You can hold in your hands hats and scarves made by women in Nepal. These products are from Padhma Creations, founded by Kesang Yudron, a graduate of the College of St. Benedict in Minnesota who traveled in 2000 to a border town between Nepal and India.

She learned that women in that region of Nepal are vulnerable to domestic violence and sex trafficking. On the Padhma Creations website, Yudron tells the story of Hasroon, who was covered in gasoline and set on fire over a dowry dispute.

Hasroon now works for Padhma Creations, earns a livable wage and is free from the abusive family. Her health care is covered, because 5 percent of the company’s revenues fund health care benefits for the artisans.

Hold in your hands another item at Kizuri – thin, beaded strands that can be shaped into necklaces or bracelets – and listen to another story.

“These are strung by the Maasai women in Kenya,” Harmson said. “In 1999, there was an incredible drought.
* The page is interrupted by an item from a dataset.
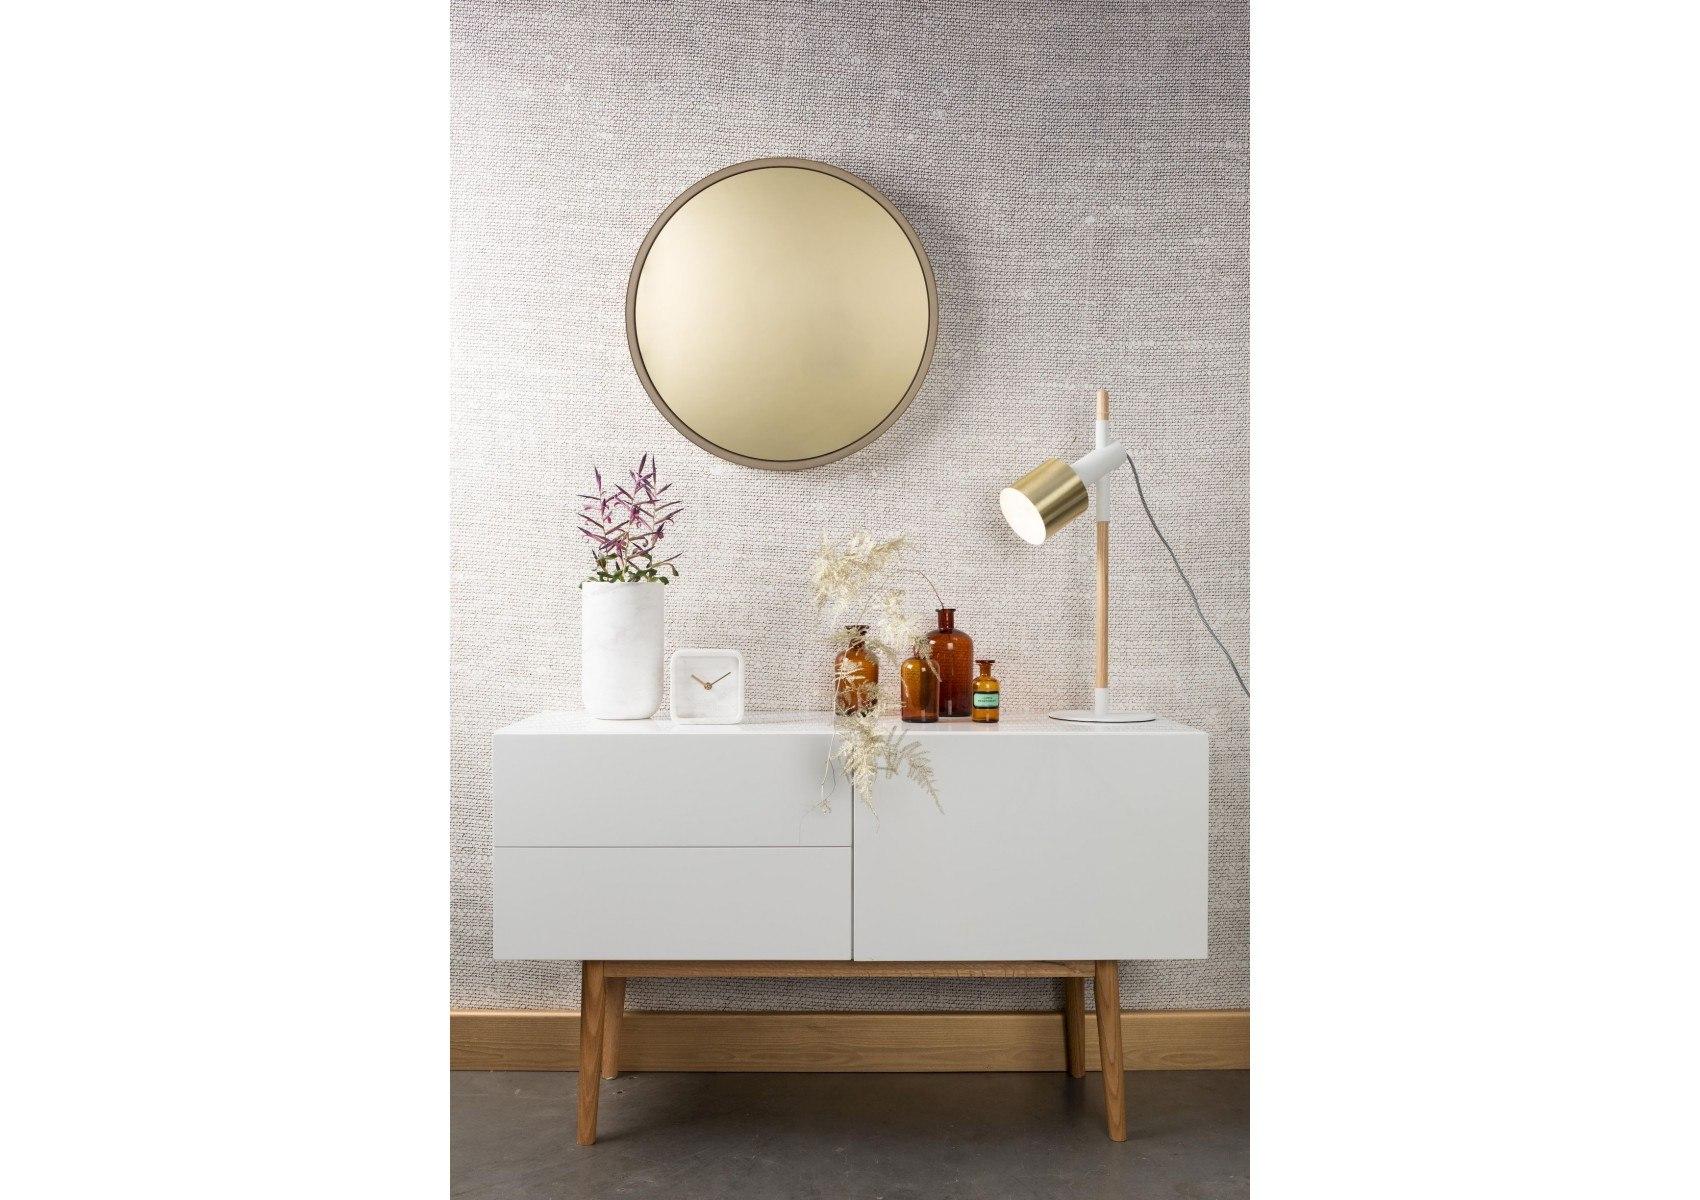 Miroir rond original teint bandit zuiver for Miroir teinte design

The men took the cattle to graze and left the women in the village no food, no water, no means of support.”

But thanks to the Leaky Collection, an artist’s initiative in The Rift Valley Kenya, East Africa, the women began creating jewelry from the one thing plentiful in the parched land: dried grass.

“They string it on elastic and (add) fair trade beads. Now there are more than 1,200 women stringing this grass,” Harmson said.

“They string these in their homes or under trees with their friends. They have gained status in their culture. They are able to provide for their families.”

This is the 27th year for the Festival of Fair Trade in Spokane, started by Ganesh Himal Trading, a Spokane-based fair trade business that began importing items from Nepal in 1984 and now sells wholesale to about 200 stores in the United States and Canada.

The first festival was held in a much smaller space in a different downtown location. It was the 1980s, after all, when the movie “Wall Street” was telling us that greed was good and businesses that connected people globally filled a small, feel-good niche.

The world has changed dramatically in the past three decades. More and more people understand how buying a hat made in Nepal, a necklace strung in East Africa, can change the lives of the women making them.

“Over the last seven or eight years Fair Trade has grown exponentially,” Harmson said. “One of the goals is not about making a lot of money – you just don’t in fair trade – it’s about sharing stories and doing your best for a paradigm shift in the world.”